Privity is no longer required in most jurisdictions and is not required in Missouri. We hold here that plaintiff, a patient, has a right to rely on the implied warranty of fitness and that she and her husband, if damaged, can recover for a breach of such a warranty. A case closely in point is Bowles v. Zimmer Manufacturing Co., 277 F.2d 868, 76 A. L.R.2d 120 (7 Cir. 1960). It involved a defective intermedullary pin inserted in the narrow cavity of the plaintiff's femur. One count was based upon "an implied warranty as to the fitness of the pin for the purpose for which it was sold and used." The court said, following a discussion of the issue of privity:

"We hold that plaintiff has a right to rely upon an implied warranty of fitness in this case." (875)

We turn to the claim of error in admitting in evidence Exhibits 8A and 12. It is claimed not only that the receipt in evidence of each of these exhibits was error, but it is claimed additionally that the trial court's remark that "defendant will have an opportunity if he so desires to subpoena any of the witnesses down here" made in the jury's presence, helped to bring about a verdict which was the result of passion and prejudice.

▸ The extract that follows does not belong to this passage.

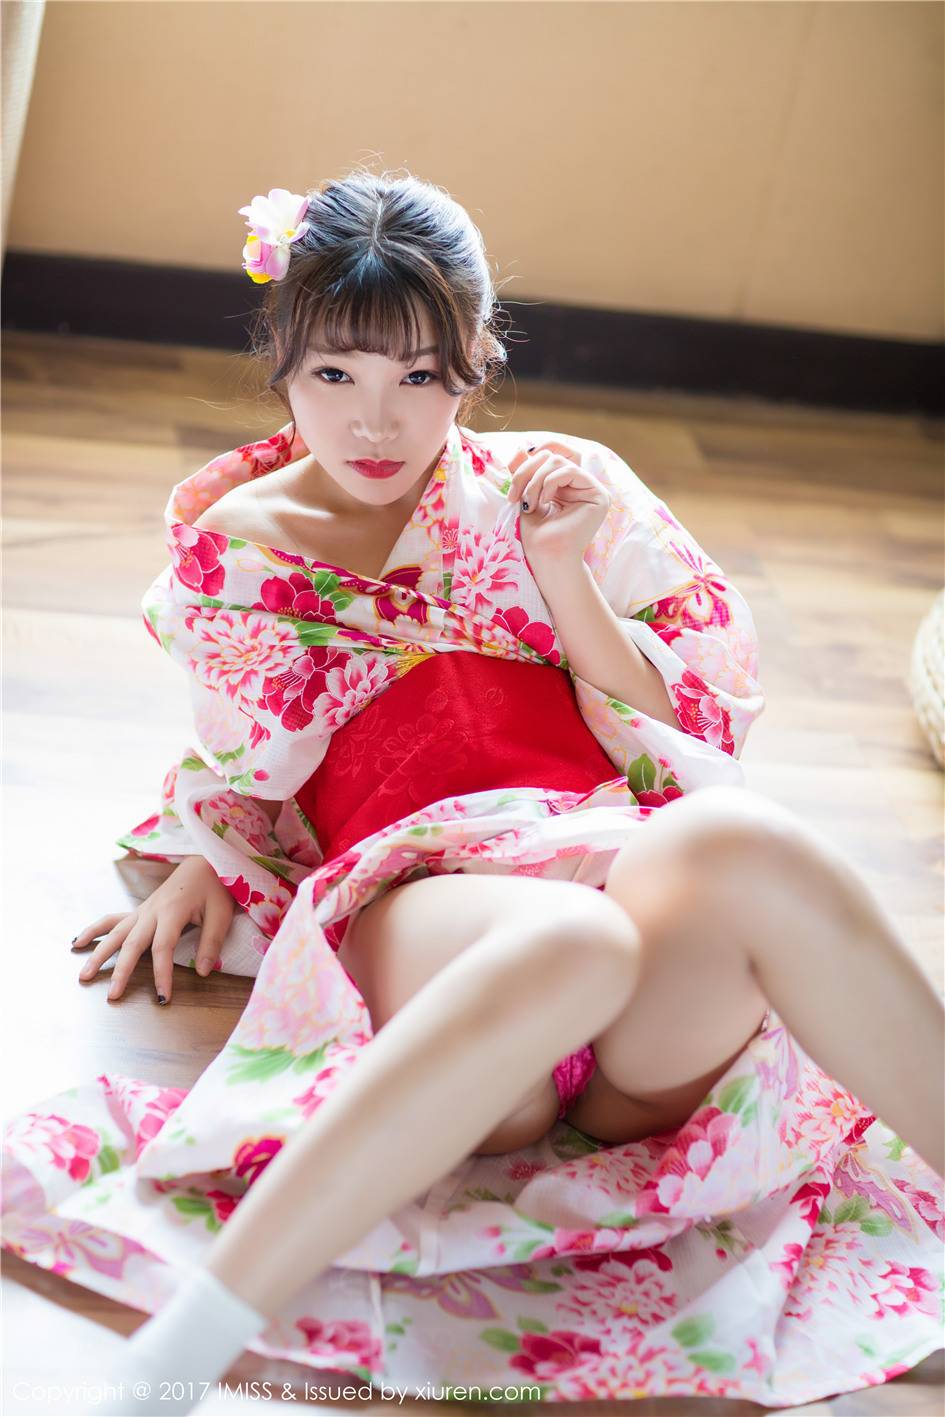 樱花和服美女芝芝Boσty日系高清写真(21张)

At least one of the persons mentioned in Exhibit 12 was beyond the subpoena power of the court. The court's remark was thus factually incorrect. We do not reach the question of whether the remark contributed to the passion and prejudice which defendant claims produced a verdict of the size of this verdict for the limited injuries sustained.

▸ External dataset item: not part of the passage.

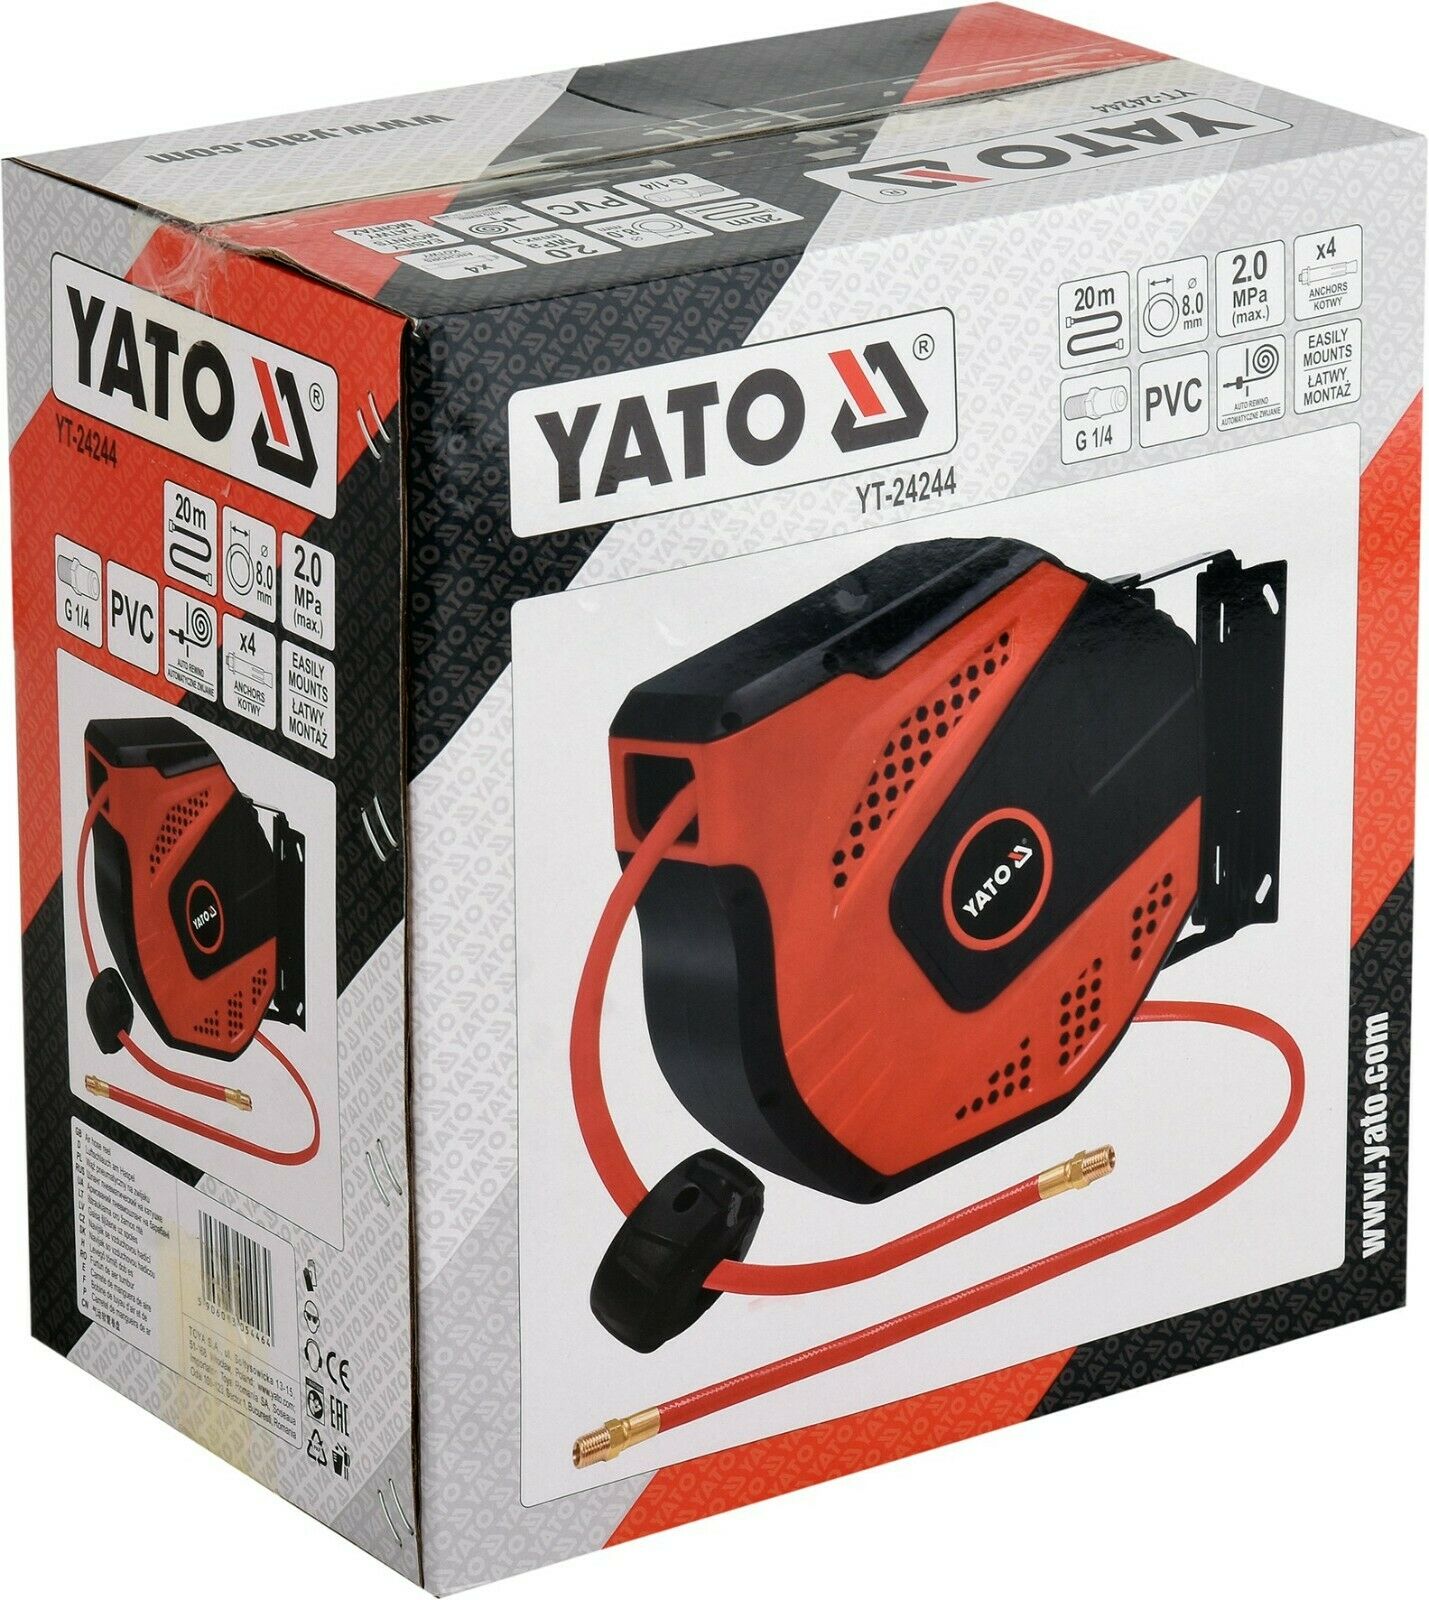 Yato Druckluft Schlauchtrommel 1/4" 8mm Automatik Schlauchaufroller 20m Spule - Flex-Autoteile

Exhibit 8 was an incident report made by Dr. Koehler following the procedure on Mrs. Frerker. It was prepared following the incident. It was received in evidence without objection.

It reads:

MALLINCKRODT INSTITUTE INCIDENT REPORT

DATE May 6, 1965 NAME HELENA FRERKER ORIGIN OUTPATIENT ADDRESS 910 11th Street CITY Carlyle STATE Illinois TIME OF INCIDENT 9:00-10:00 AM PLACE OF INCIDENT Special Procedure Room Third Floor Radiology

DESCRIPTION OF ACCIDENT (by injured person or witness): During placement of TSP-45 Teflon...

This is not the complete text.